Weissleder R, Stark D D, Elizondo G, Hahn P F, Compton C, Saini S, Wittenberg J, Ferrucci J T
Department of Radiology, Massachusetts General Hospital, Boston 02114.
Magn Reson Imaging. 1988 Nov-Dec;6(6):675-81. doi: 10.1016/0730-725x(88)90092-6.

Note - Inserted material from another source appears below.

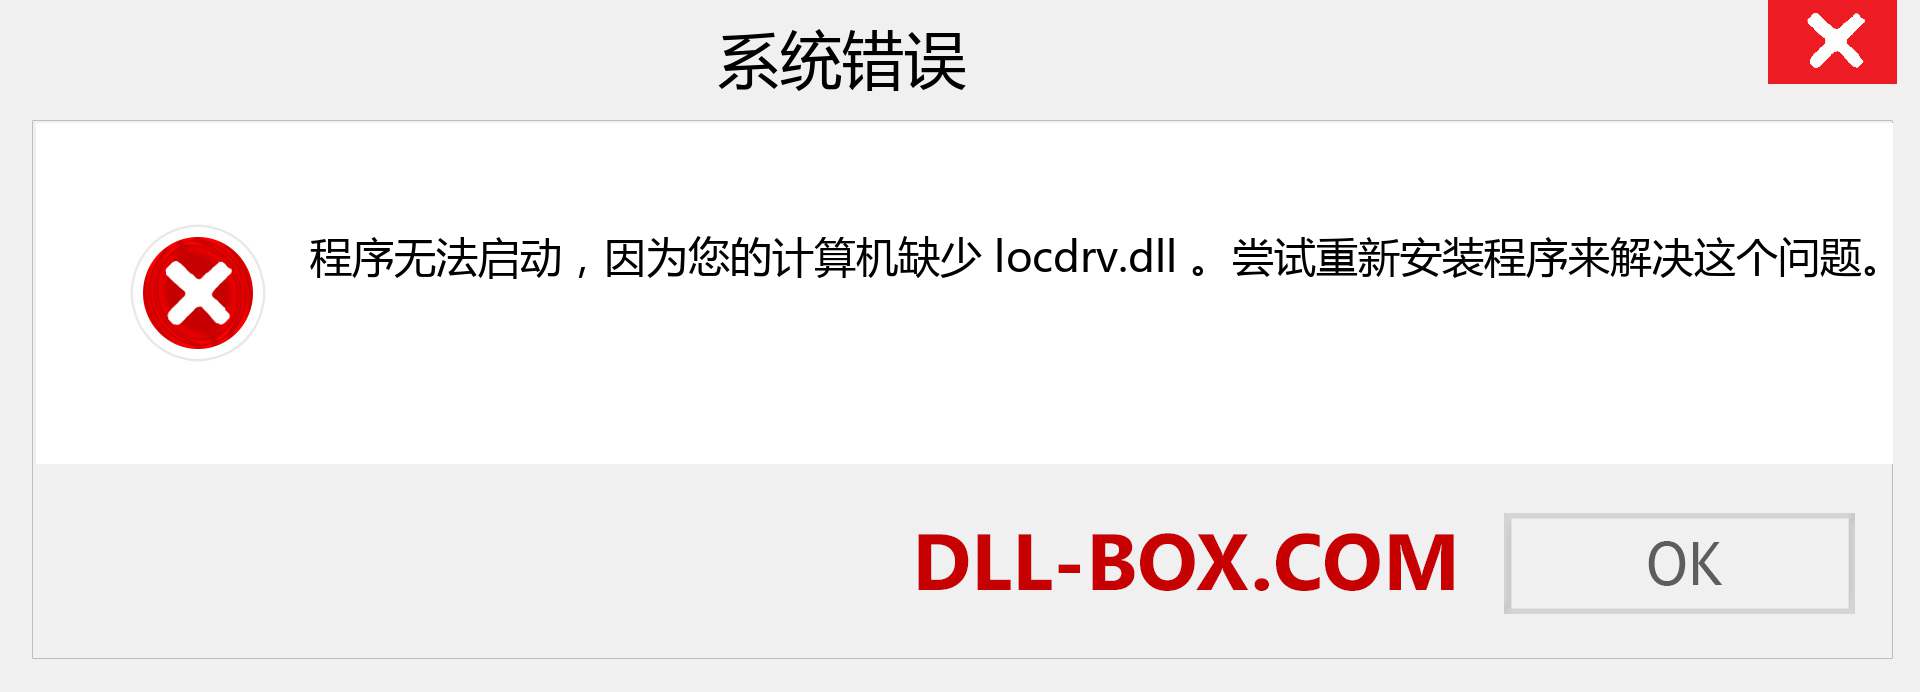 locdrv.dll 文件丢失？。 适用于 Windows 7、8、10 的下载 - 修复 Windows、照片、图像上的 locdrv dll 丢失错误

Thirteen patients with biopsy proven hepatic lymphoma (2 Hodgkin, 11 Non-Hodgkin) and a control group of 15 patients with hepatic metastases were analyzed quantitatively and qualitatively by MRI. Focal hepatic lymphoma was most reliably detected (eight of eight patients) and appeared hypointense relative to liver on T1 weighted (CNR - 7.4 +/- 2.3) and hyperintense on T2 weighted (CNR + 8.4 +/- 2.9) images. The mean T1 and T2 relaxation times of focal hepatic lymphoma (T1 = 832 +/- 234 msec, T2 = 84 +/- 16 ms) differed significantly from adjacent non-tumorous liver (T1 = 420 +/- 121 ms, T2 = 51 +/- 9 ms; p less than 0.05), however CNR values and relaxation times were similar to those of hepatic metastases. Diffuse hepatic lymphoma (microscopic periportal infiltration) was undetectable by MRI in three patients by either morphologic features or quantitative criteria. A mixed pattern of hepatic lymphoma (focal lesions and diffuse infiltration) showed focal areas of slightly decreased signal intensity on T1 weighted images (CNR = -1.7 +/- 0.4) while T2 weighted images revealed multiple regions of focal hyperintensity (CNR = +13.3 +/- 8.4) superimposed on a diffusely hyperintense liver. Our experience demonstrates that either T1 or T2 weighted techniques are useful in detecting focal and that T2 weighted techniques are useful in detecting mixed hepatic lymphoma. Conventional image derived relaxation time measurements and quantitative parameters were of no additional diagnostic value.
对13例经活检证实的肝淋巴瘤患者(2例霍奇金淋巴瘤,11例非霍奇金淋巴瘤)以及15例肝转移患者的对照组进行了MRI定量和定性分析。局灶性肝淋巴瘤最易被可靠检测到(8例患者中的8例),在T1加权像上相对于肝脏呈低信号(对比噪声比 - 7.4 ± 2.3),在T2加权像上呈高信号(对比噪声比 + 8.4 ± 2.9)。局灶性肝淋巴瘤的平均T1和T2弛豫时间(T1 = 832 ± 234毫秒,T2 = 84 ± 16毫秒)与相邻的非肿瘤性肝脏(T1 = 420 ± 121毫秒,T2 = 51 ± 9毫秒;p < 0.05)有显著差异,然而对比噪声比值和弛豫时间与肝转移瘤相似。3例弥漫性肝淋巴瘤(显微镜下门周浸润)通过MRI的形态学特征或定量标准均无法检测到。混合型肝淋巴瘤(局灶性病变和弥漫性浸润)在T1加权像上显示局灶性信号强度略有降低(对比噪声比 = -1.7 ± 0.4),而T2加权像显示多个局灶性高信号区域(对比噪声比 = +13.3 ± 8.4)叠加在弥漫性高信号的肝脏上。我们的经验表明,T1或T2加权技术在检测局灶性肝淋巴瘤方面有用,而T2加权技术在检测混合型肝淋巴瘤方面有用。传统的图像衍生弛豫时间测量和定量参数没有额外的诊断价值。